Author: yecril@bluebottle.com ("Krzysztof elechowski")
Date: Mon, 30 May 2005 21:06:22 GMT Raw View

U   ytkownik ""P.J. Plauger"" <pjp@dinkumware.com> napisa    w wiadomo   ci
news:0IHA00MBJZFF3D@firewall.mci.com...
> "Christopher Conrade Zseleghovski" <kkz@duch.mimuw.edu.pl> wrote in
> message news:d7de1d$rfi$1@achot.icm.edu.pl...
>
>> "Bo Persson" <bop@gmb.dk> wrote:
>>>
>>> ""Krzysztof ?elechowski"" <yecril@bluebottle.com> skrev i meddelandet
>>> news:d6tf81$ma3$1@sklad.atcom.net.pl...
>>>> Class basic_filebuf does not allow storing wide characters to files.
>>>> This way the flexibility and power of Unicode is killed because we
>>>> cannot store arbitrary wide characters in a file.
>>>
>>> Of course you can. You just have to convert a wide character sequence
>>> into a byte sequence.
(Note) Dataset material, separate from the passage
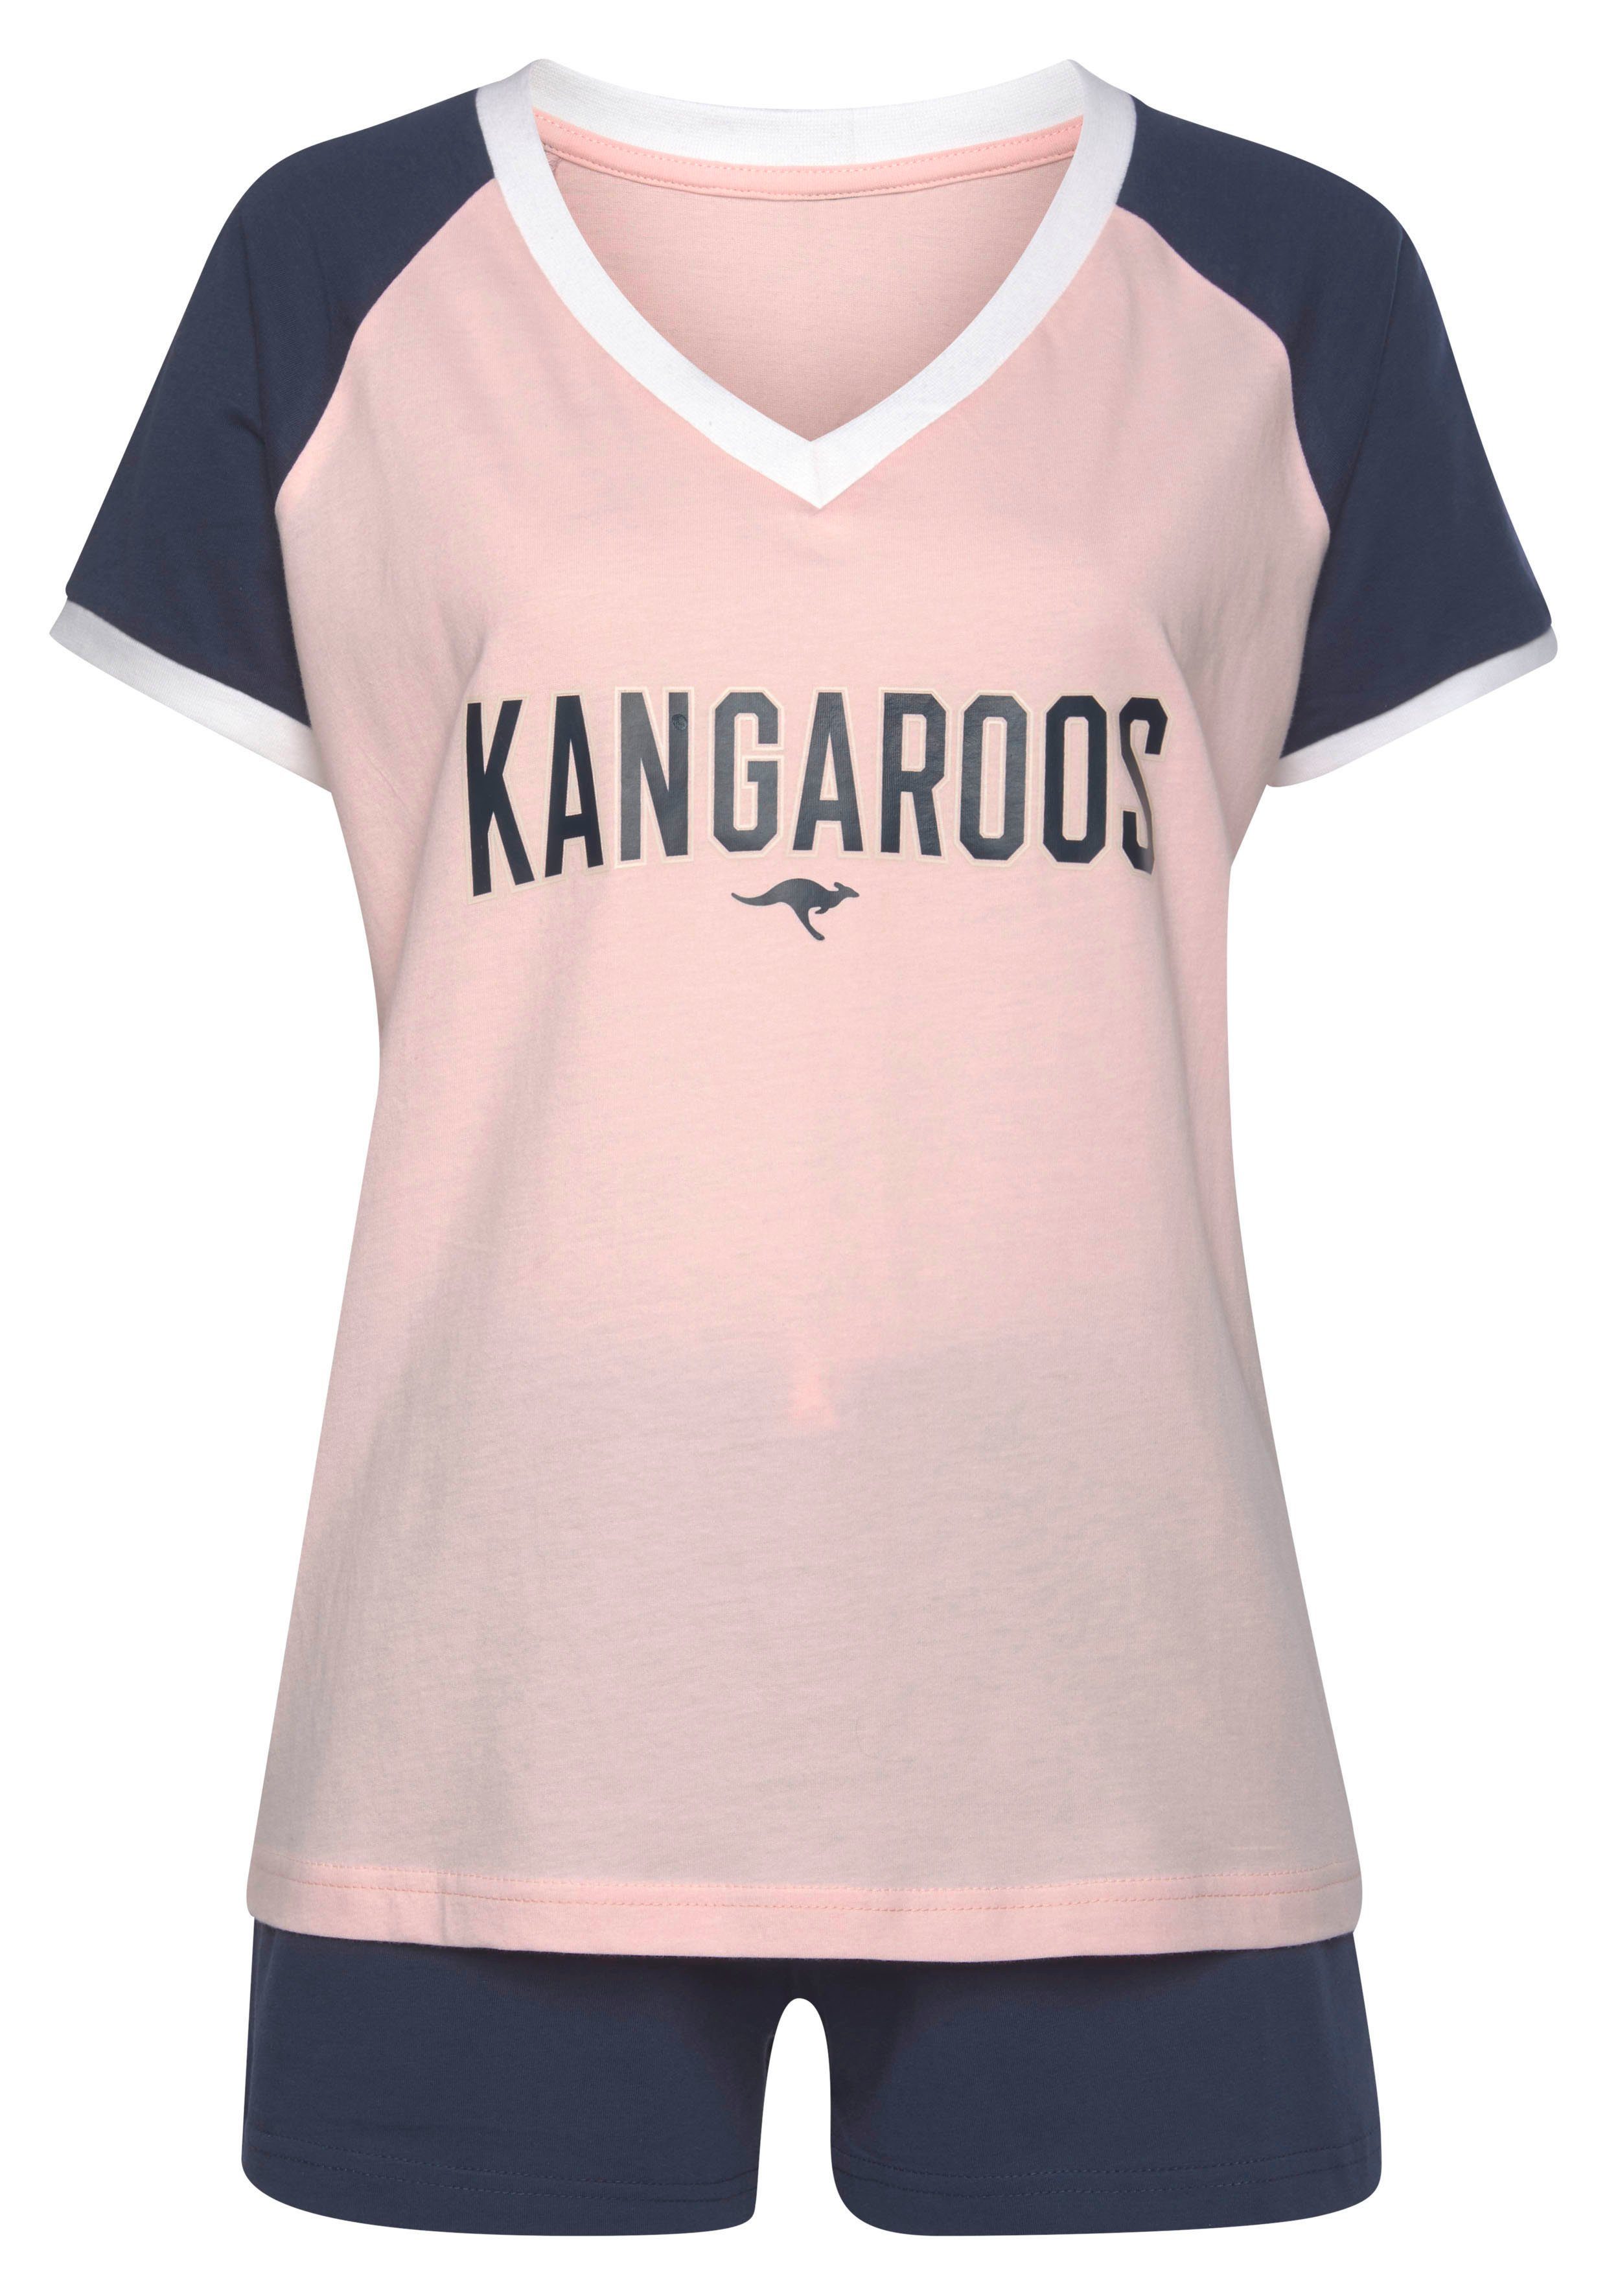 KangaROOS Shorty (2 tlg., 1 Stück) rosa-dunkelblau Raglanärmeln mit kontrastfarbenen
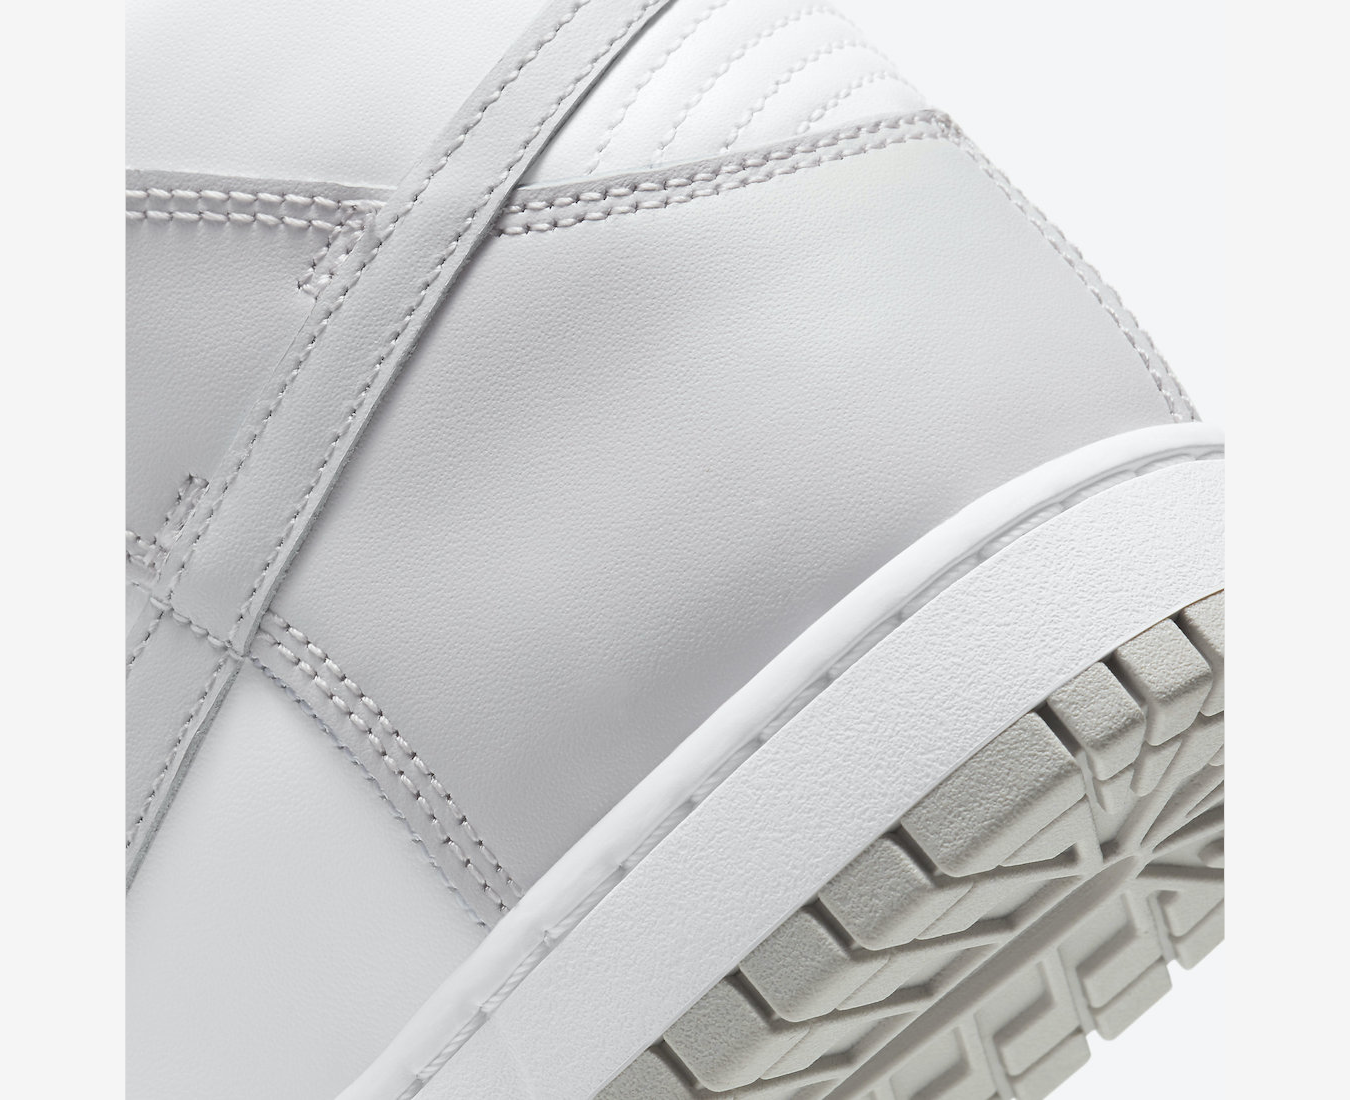 Nike Dunk High 'White Vast Grey'

The standard doesn't put restrictions on how many
>>> bytes are needed for each wide character.
>>
>> Do I have to convert it myself?  I feel that such functionality should
>> be standard.
>
> Using what standard? C and C++ have traditionally been character-set
> neutral. But even if you commit to Unicode, you have the choice of
> writing a file as UTF-8, UTF-16, UCS-2BE, UCS-2LE, UCS-4BE, UCS-4LE,
> etc. etc.

The default encoding should fulfill the following condition:  if I binary
wfilebuf::sputn(wchar_t const str[], length) and then fopen the file for
binary input and fread(wchar_t *buff, sizeof *buff, length, file) it back,
then I should have memcmp(buff, str, length * sizeof *buff) == 0.  It does
not seem very complicated, does it?

Christopher

> I will, however, provide one interesting data point. We originally
> shipped our libraries with a degenerate conversion rule -- if the
> wide-character fit in a single byte, we output it as-is; otherwise
> we reported a conversion failure. (Microsoft still offers this rule
> by default, IIRC.)

Aren't your libraries bundled with Microsoft Visual C++?  They do not output
UTF-8, neither by default, nor by demand.

Chris


---
[ comp.std.c++ is moderated.  To submit articles, try just posting with ]
[ your news-reader.  If that fails, use mailto:std-c++@ncar.ucar.edu    ]
[              --- Please see the FAQ before posting. ---               ]
[ FAQ: http://www.jamesd.demon.co.uk/csc/faq.html                       ]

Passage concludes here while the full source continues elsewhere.